Clearly the problem here is you. Why are you scheduling yourself so unrealistically?
Anonymous
Anonymous wrote:
Anonymous wrote:My 8 week old had a well check and the ped was running 90 minutes behind for a 10:30am appointment. How does that happen? When we finally saw her she spent 6 minutes with us and we were on our way. She was even charting during our appointment. I asked several times how much longer but it was always 10 more minutes. I hate having such a tiny baby there for so long with the number of sick kids.


That is inexcusable for a newborn.


90 minutes in inexcusable for anyone.
Anonymous
Anonymous wrote:
Anonymous wrote:
Anonymous wrote:
Anonymous wrote:
Anonymous wrote:I had an Ortho show up 40 minutes late once. I was his first appointment of the day. I saw him arrive while sitting in the waiting room. I asked him why I was kept waiting so long and he lied and said he’d been stuck with another patient. I told him that I saw him walk past me with his coat on his arm and a cup of coffee.. Never went back to him again. This was at CAO Ortho in foxhall.


If he is an ortho surgeon he might have been held up doing rounds prior to going to his practice. Some of you don't seem to understand what doctors do.


So...poor scheduling. Allocate more time for rounds.



Allocate more time from where? They can’t control if 7 new ortho patients got admitted overnight and suddenly they are rounding on 12 patients instead of 5. Or 20 instead of 5.


Start office hours later on hospital days.

It's not that hard to figure out.


Wow. We are a family of physicians who work like dogs, with a no break and through lunch.

No wonder we have less physicians. With the number of lawsuits, lack of insurance reimbursement, and disgruntle patients, it's really a thankless job.
Anonymous
Anonymous wrote:
Anonymous wrote:
Anonymous wrote:I am 100% with you, OP. I am so tired of the social acceptance that doctors can keep you waiting an hour plus - all because they over schedule the same time slots. It is the sh$ttiest practice model and we all seem to take it over and over again. I have zero sympathy for most practices, as I've yet to have a doctor who was genuinely remorseful or sympathetic that a patient had been left in a waiting room to waste their valuable time.

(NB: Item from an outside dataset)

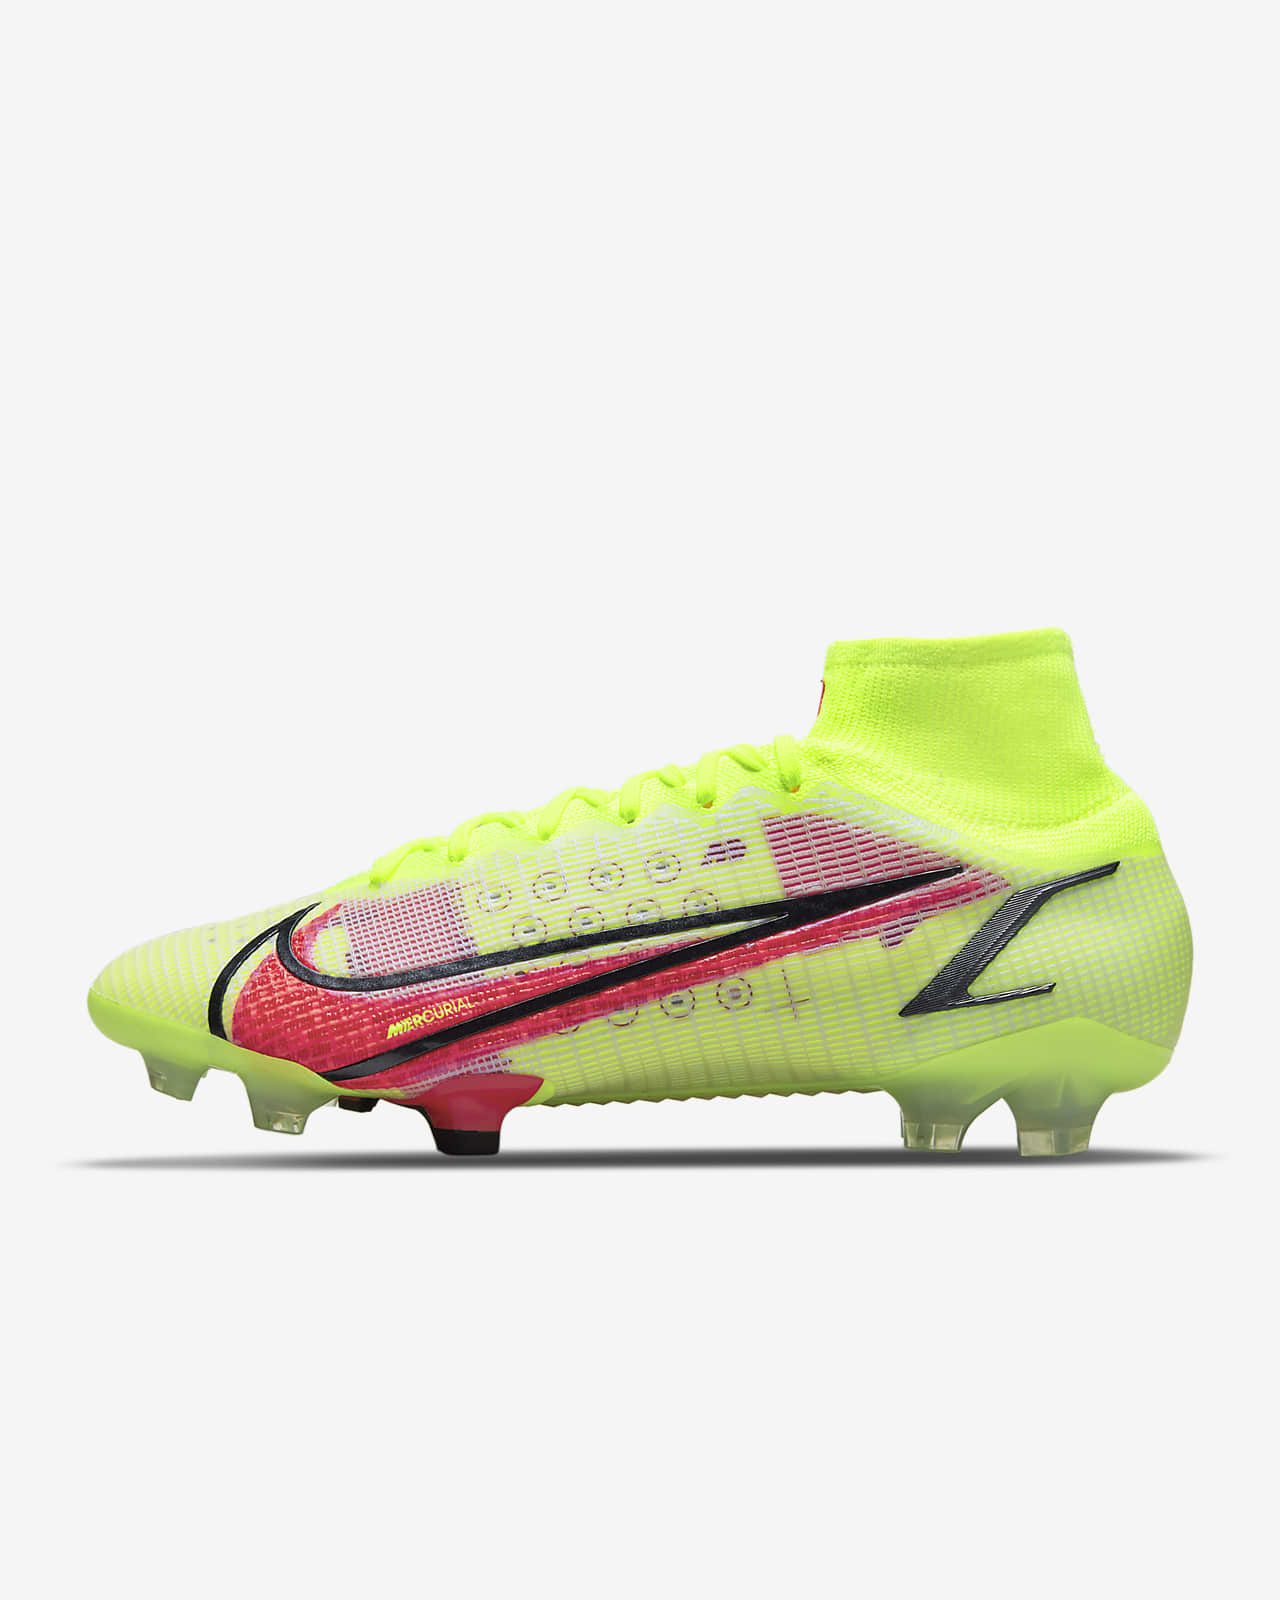 nike soccer cleats price

I'm an attorney. I can promise you that if I left a client waiting for 45 minutes, they'd find another atty - and with good reason. We should not be shelling out money to professionals who disrespects their entire client base day in and day out.

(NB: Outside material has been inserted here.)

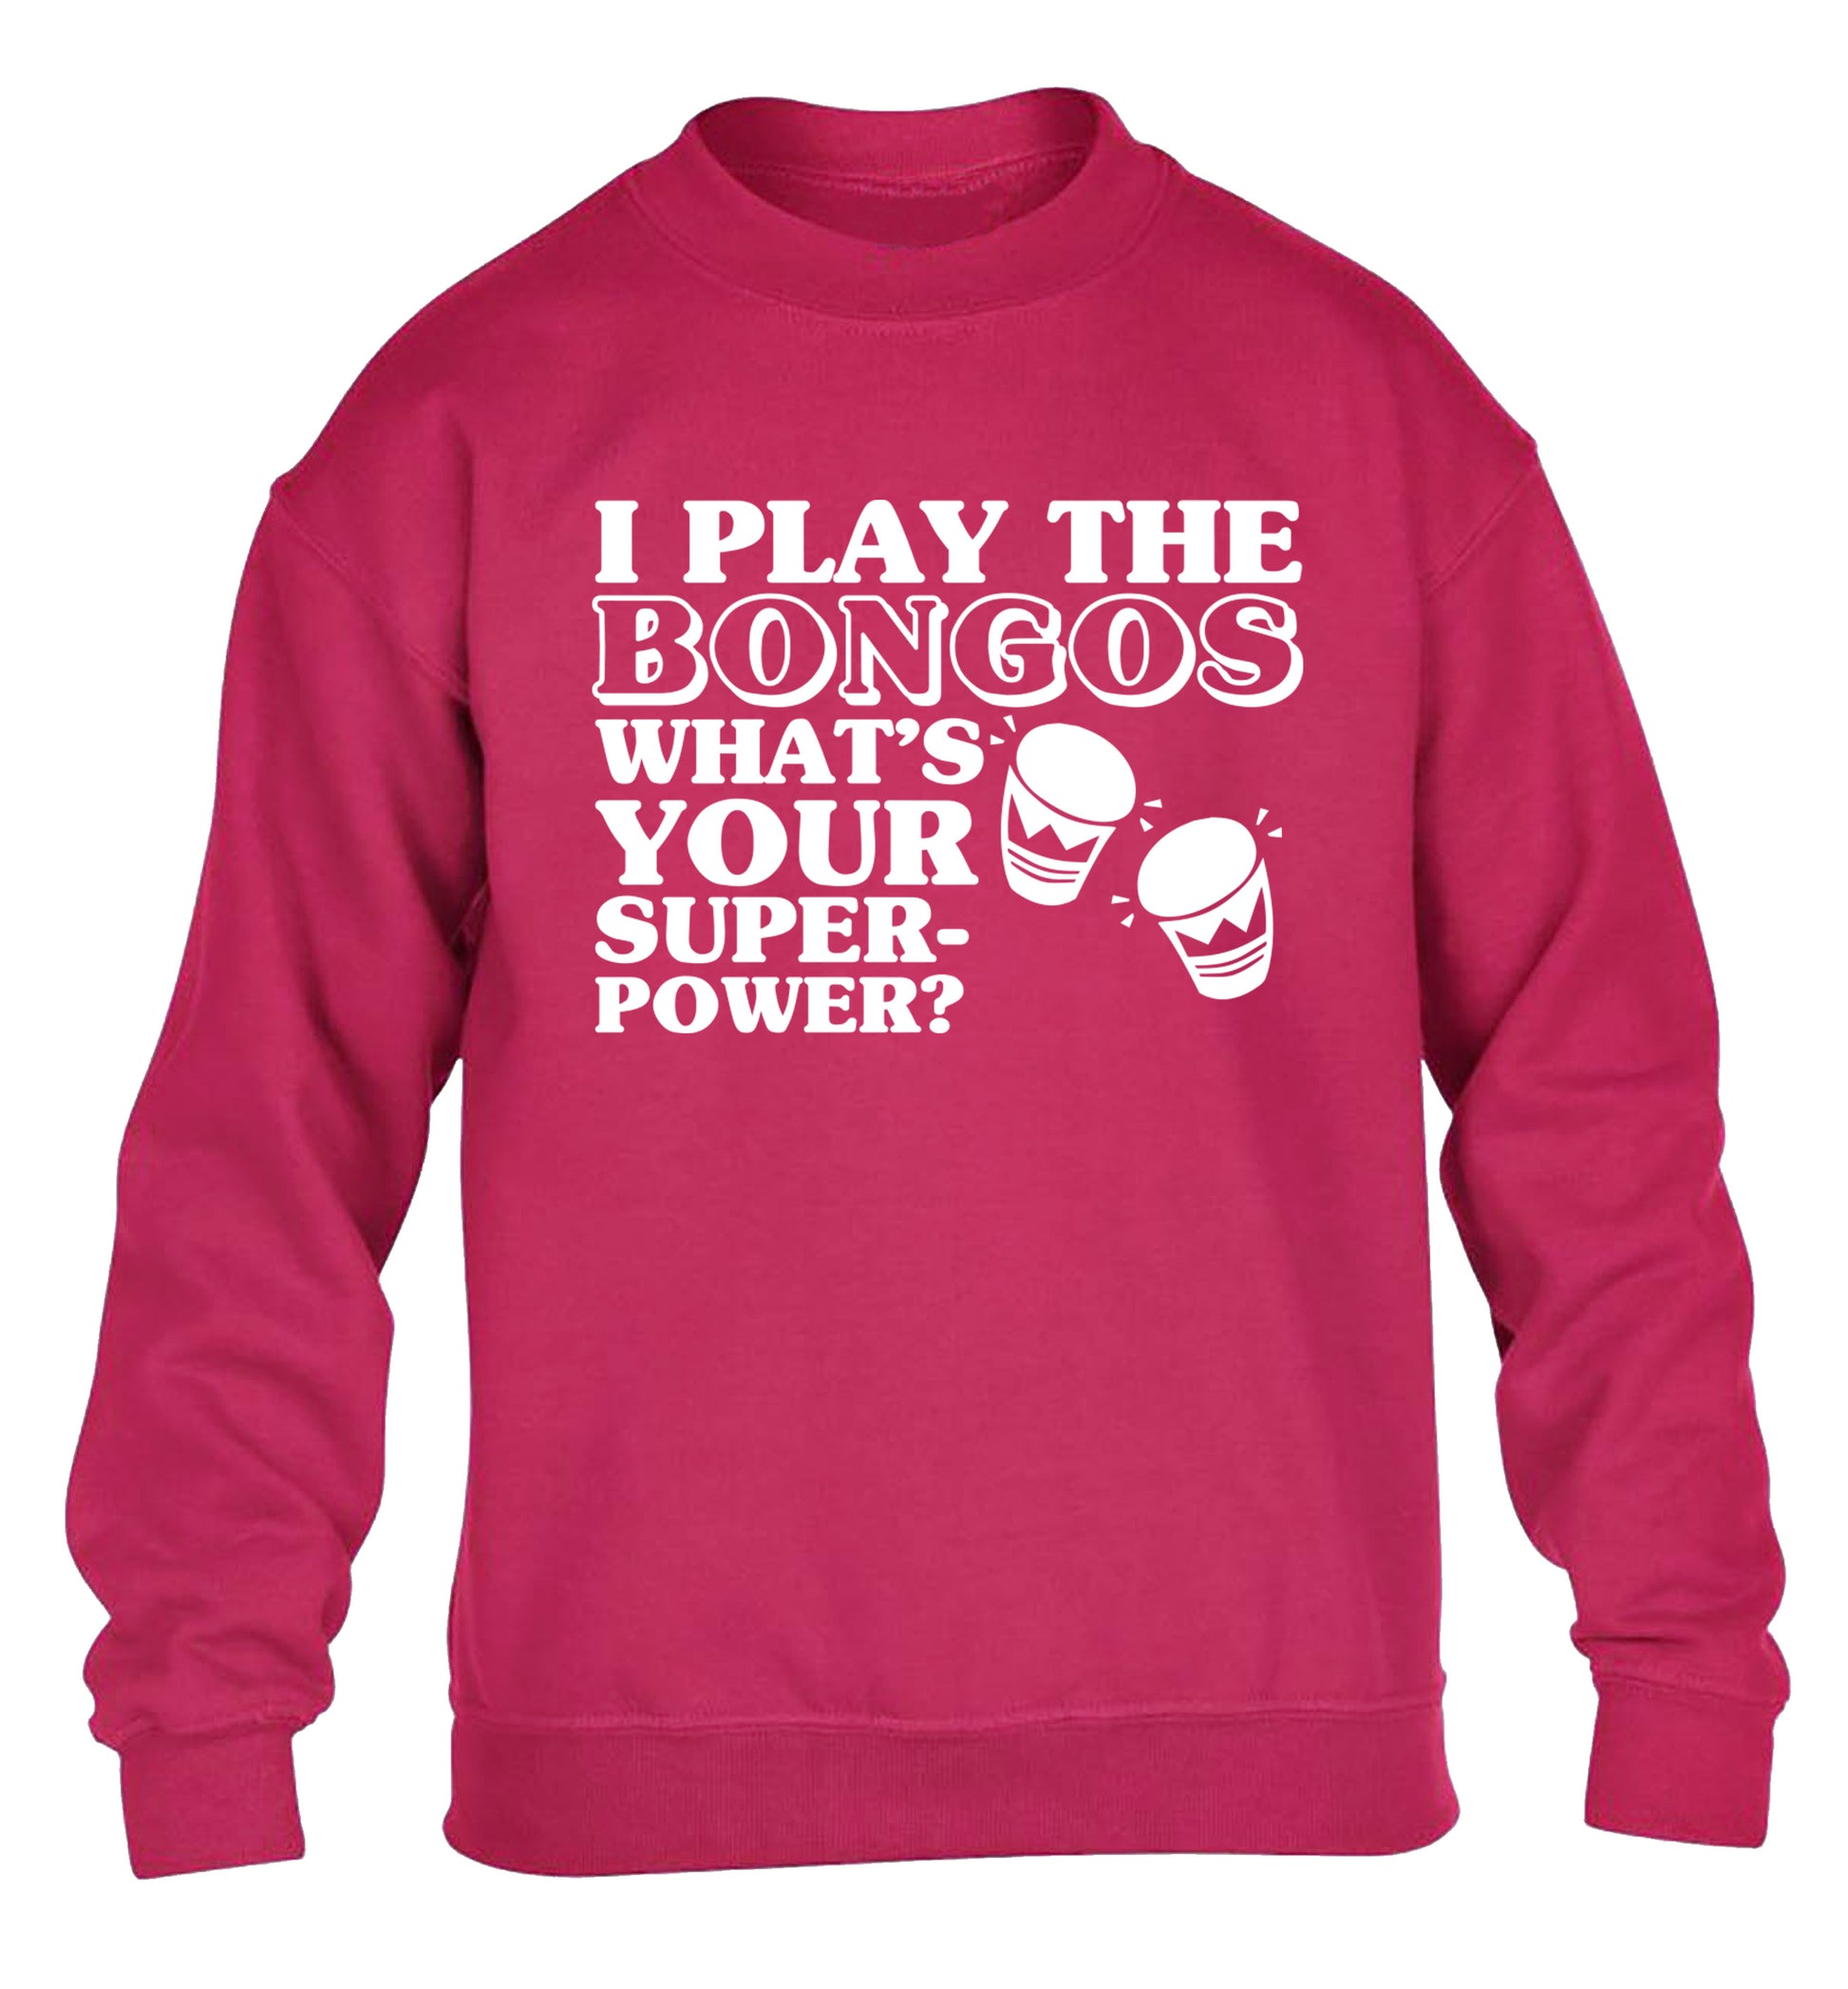 I play the bongos what's your superpower? children's pink sweater 12-14 Years

And all of this "but it was an emergency!" BS. No, it is not an emergency every day. It is a culture of overbooking. Period.


I'm sure you are a good attorney. But you clearly don't understand what medical providers' work lives are like. DOCTORS don't "keep you waiting over an hour." They practices they work for create scheduling templates that are simply impossible to keep running on time. And practice managers/administration know this. So you might say - well go work someplace that doesn't overschedule. But outside of concierge practices those systems don't exist. Unless they are solo practitioners the people your beef is with is the administration and practice managers for pretty much every practice out there. I don't know any medical providers who feel their schedule is reasonable, and I know a lot of people in healthcare.


All my siblings are doctors. My parent is a doctor. My siblings' spouses are doctors, and my in-laws are doctors. But sure, I don't know doctors.
I can tell you that doctors - by and large - do not give a #$% about their patients' time. There is an unreasonably acceptable level of arrogance among physicians in our society. They treat us like crap, think we are making everything up and have no respect for their patients time and money. It is a systemic issue. I see it ALL the time. And yes, the managing physicians absolutely can instruct their admin to schedule less patients per block. All they have to do is say the word but they don't. Because gross revenue.


I am doubting you are very close to your parents or your siblings then. Sounds like you don't like them very much, so I think your opinions of them seem quite bias. And no, I do not think you understand the stress in the healthcare field right now.